It was Billie’s idea to have this meeting today. He wasn’t far from Carrollton, anyway, killing time at Bass Pro Shops, a cavernous hunting and fishing store outside of Dallas.

With its in-house shooting gallery, archery range, and brewpub, BPS could almost be an amusement park, and Billie had been looking forward to getting some quality R&R in—trying a few rifles out, maybe a crossbow. Stacey had come along for the ride and had invited her son, Dustin, and Billie’s nephew, Michael, to go with them to meet Mr. John.  

Billie had mixed feelings about these youngsters he had in tow.

Up to this point, he’d been happy to spread Mr. John’s money around. But Billie’d been stringing Mr. John along for so long now, sooner or later the well was bound to run dry. Billie’d burned through so much of the money already that he was starting to feel like he really ought to be looking out for himself at this point.

On the other hand, Billie knew that he’d begun to run out of excuses, so if Mr. John did threaten to call it quits, he could always shift the blame over to Dustin and Speck.

All in all, it might not be the worst thing to have them along. And as things turned out, Speck was the one who ended up doing most of the talking while Billie nursed his beer.

By the end of the meeting, he’d hatched a whole new plot with Mr. John.

What it amounted to was this: Nancy Howard had been planning a trip to San Marcos—the Texas town where she and Frank Howard had first met. Speck would follow her, shoot her there, and take a cell-phone photograph of her corpse, which he would show to Mr. John in person back up in Carrollton.

Once he’d seen it, Mr. John would give Billie, Stacey, Dustin, and Speck $100,000, drawn on Nancy’s life insurance policy, which they would split between them.

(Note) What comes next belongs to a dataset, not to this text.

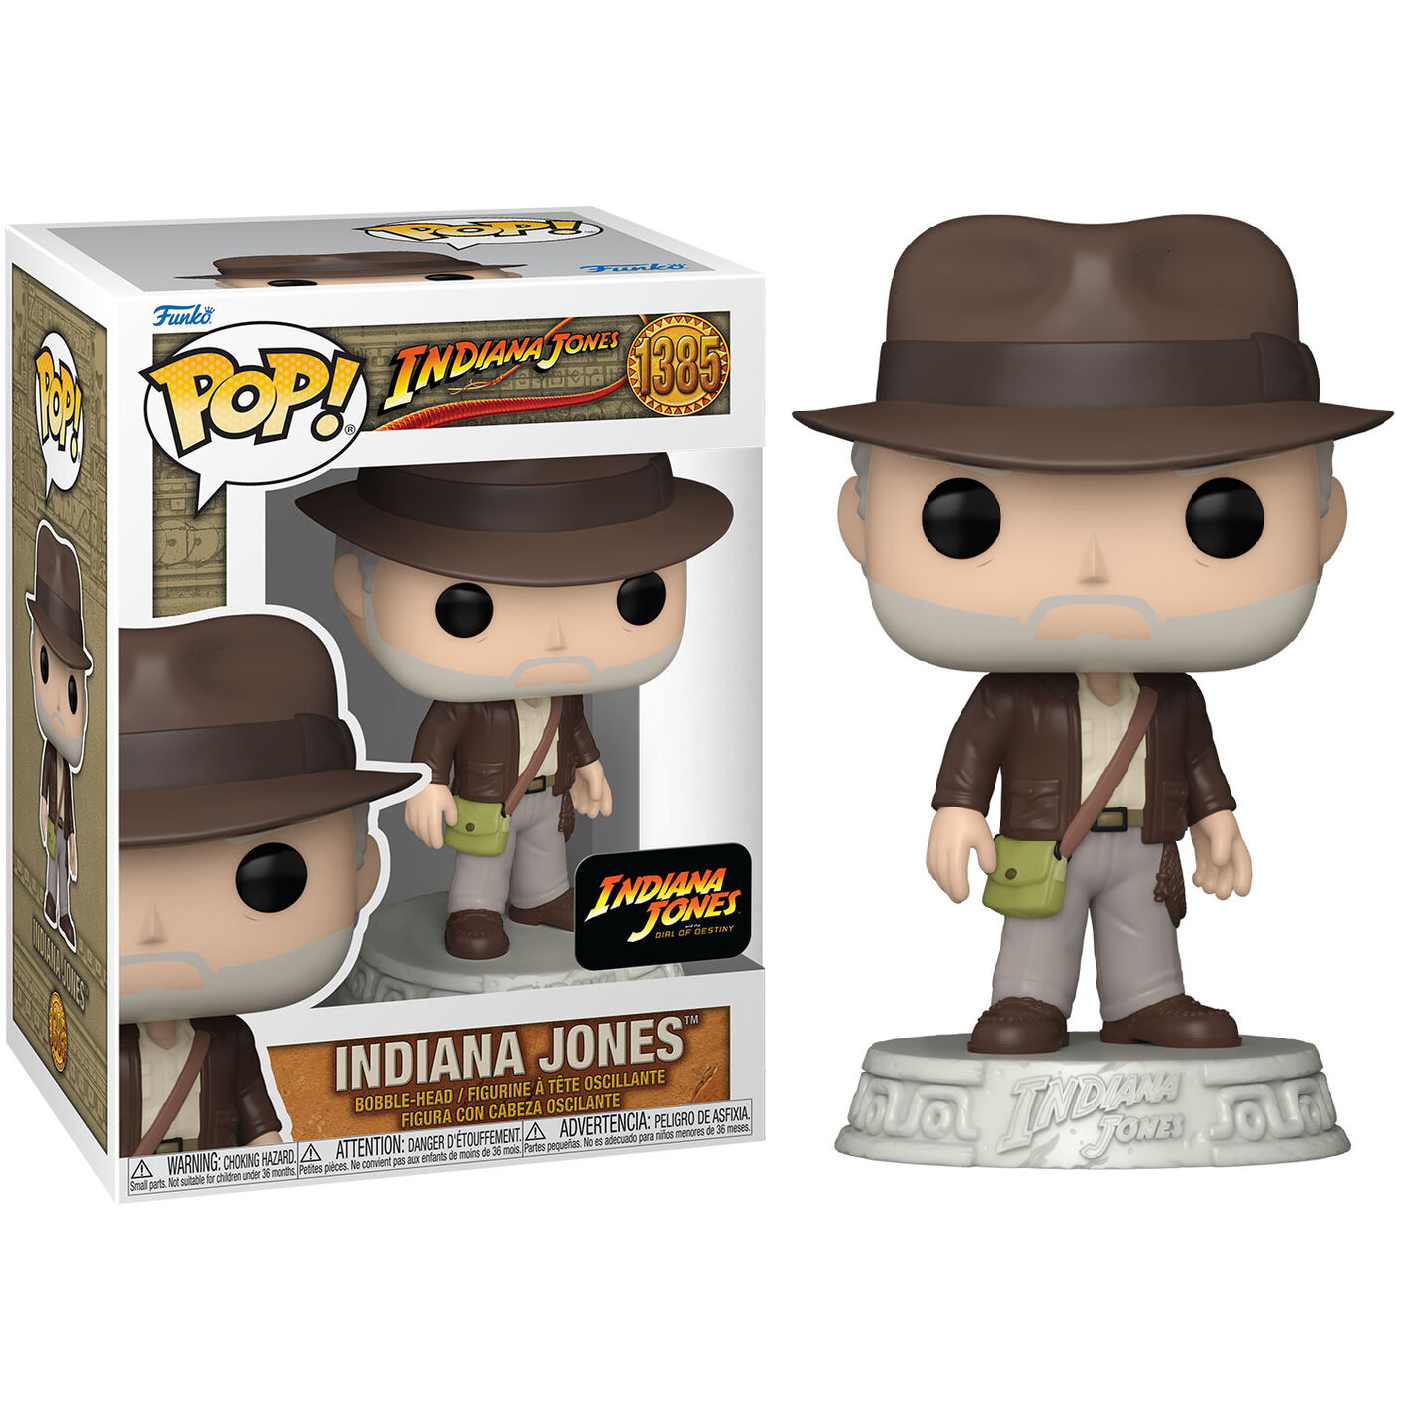 Toys N Tuck:Pop Vinyl - Indiana Jones - Indiana Jones 1385,Indiana Jones

Then he’d pay them $5,000 a week—money that they would split too—for the rest of their lives.

Billie did the math in his head: That was a quarter million dollars a year, give or take. And if Mr. John changed his mind about paying, Stacey had enough dirt on the man to blackmail him into paying whatever he had left. Either way, they were going to get their hands on every last cent of Mr. John’s money.

For the first time, the thought of actually killing Nancy Howard—instead of just stringing Mr. John along, and along, and along—seemed like the best way to go.